KR100611248B1 - Antibacterial and antifungal composition containing plant oil - Google Patents

Abstract

 The present invention relates to antibacterial and antifungal compositions comprising plant essential oils. In particular, the present invention provides an environmentally friendly plant essential oil that inhibits the growth of pathogenic bacteria and toxin producing fungi and does not cause side effects due to human toxicity, retention and accumulation.

Antibacterial, antifungal, pathogenic bacteria, fungal toxin

Description

Antibacterial and antifungal composition comprising plant essential oils {ANTIBACTERIAL AND ANTIFUNGAL COMPOSITION CONTAINING PLANT OIL}

[TECHNICAL FIELD OF THE INVENTION]

The present invention relates to antimicrobial and antifungal compositions comprising plant essential oils, and more particularly to environmentally friendly plant essential oils that inhibit the growth of pathogenic bacteria and toxin producing fungi and do not cause side effects due to human toxicity, residuals and accumulation. It is about.

[Private Technology]

Antibacterial and antifungal agents are substances that prevent or prevent the production of bacteria and fungi, and are being studied mainly on microorganisms related to health and hygiene and crop harmful microorganisms. However, synthetic antimicrobial agents can accumulate in the body and cause side effects such as chronic toxicity, carcinogenicity and mutagenicity, and much attention has been focused on developing natural antimicrobial substances without side effects.

Actually, natural antibacterial agents, such as hinokitiol, cypress seed extract, DF-100 and magnolia extract, megnonol, have been developed as natural antibacterial agents. At only 17% (Conner, DE and Beuchat, LR 1984. J. Food Sci., 49, 429), much research and development is required.

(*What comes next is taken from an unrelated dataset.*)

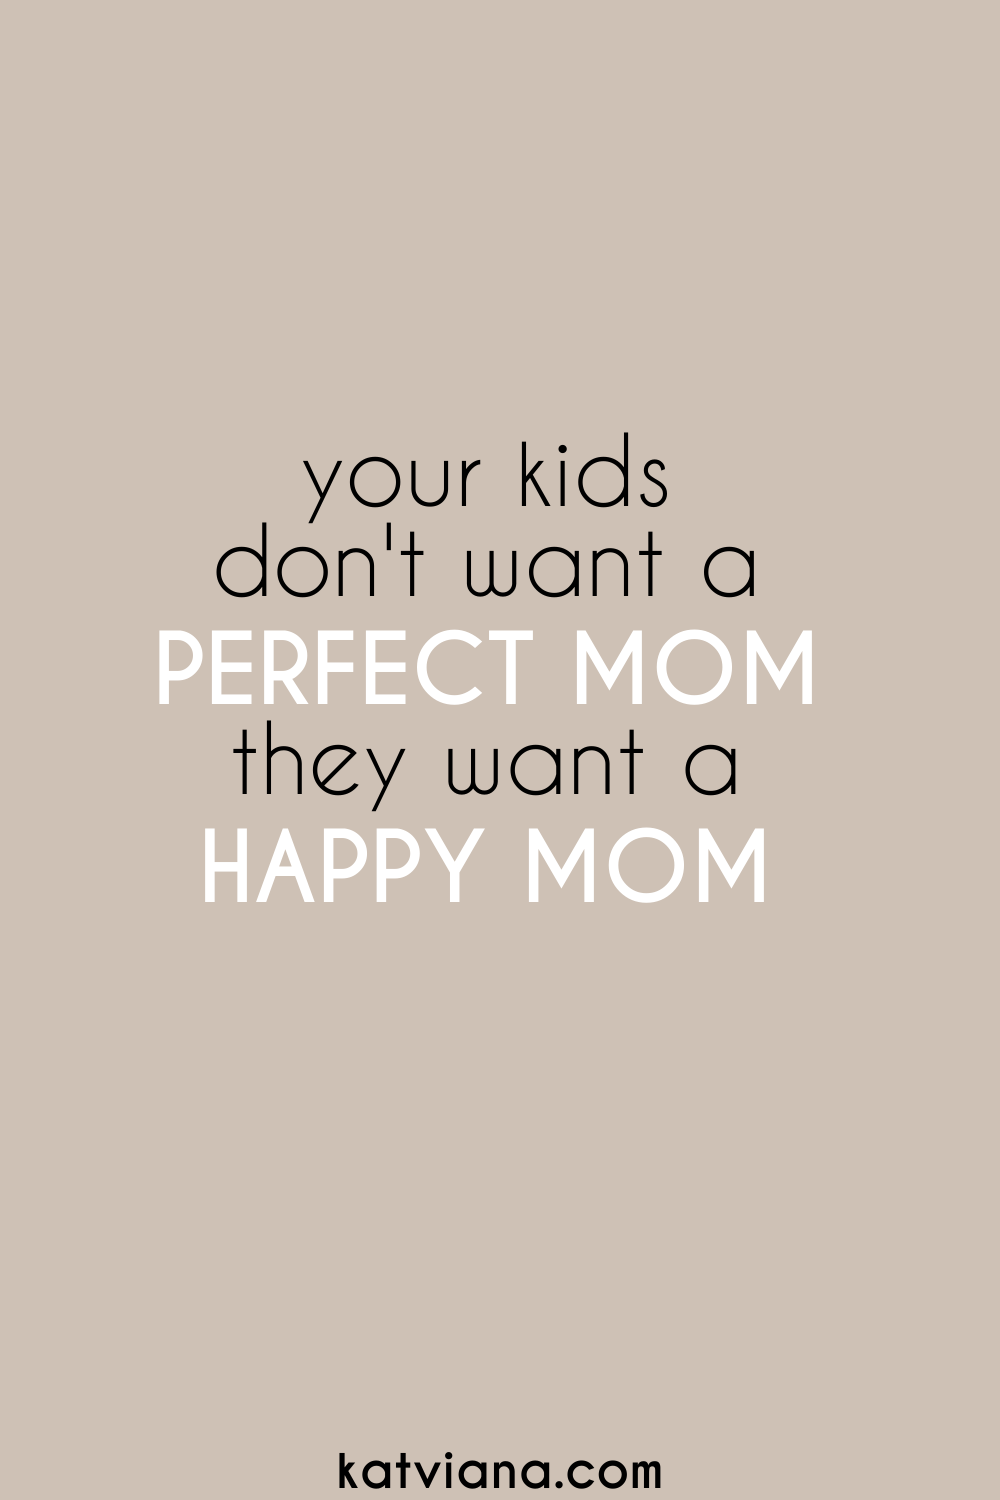 Your kids don't want a perfect mom, they want a happy mom | Kat Viana

On the other hand, there are a variety of pathogenic bacteria that are infectious to the human body, among which typical pathogenic bacteria are as follows. Vibrio parahemoliticus (Vibrio pharahaemolyticus) inhabits shellfish, algae, and gastroenteritis, causing diarrhea (Farmer JJIII., Hickman-Brenner FW, Kell MT, 1985. Manual of clinical microbiology 4th ed., American Society for Microbiology Washington DC), Fusobacterium necleatum is a causative agent of gingivitis and periodontal tissue destruction (Waker CB, Ratliff D., Mandell R. and Socransky SS, 1979, J Clin Microbiol., 10: 844-849). Prevotella intermedia and Klebsiella pneumoniae cause bad breath by degrading substrates consisting of amino acids or proteins containing sulfur such as methionine, cysteine and cystine (Tonzetich J., 1977, J Periodontol., 48: 13-20; Bosy A., Kulkarni GV, Rosenberg M. and McCulloch CAG, 1994, J Periodontol., 65: 37-46), and Serratia marcescens is primarily bread It not only causes cystitis by breeding meat, milk and milk, but also infects the bloodstream and central nervous system.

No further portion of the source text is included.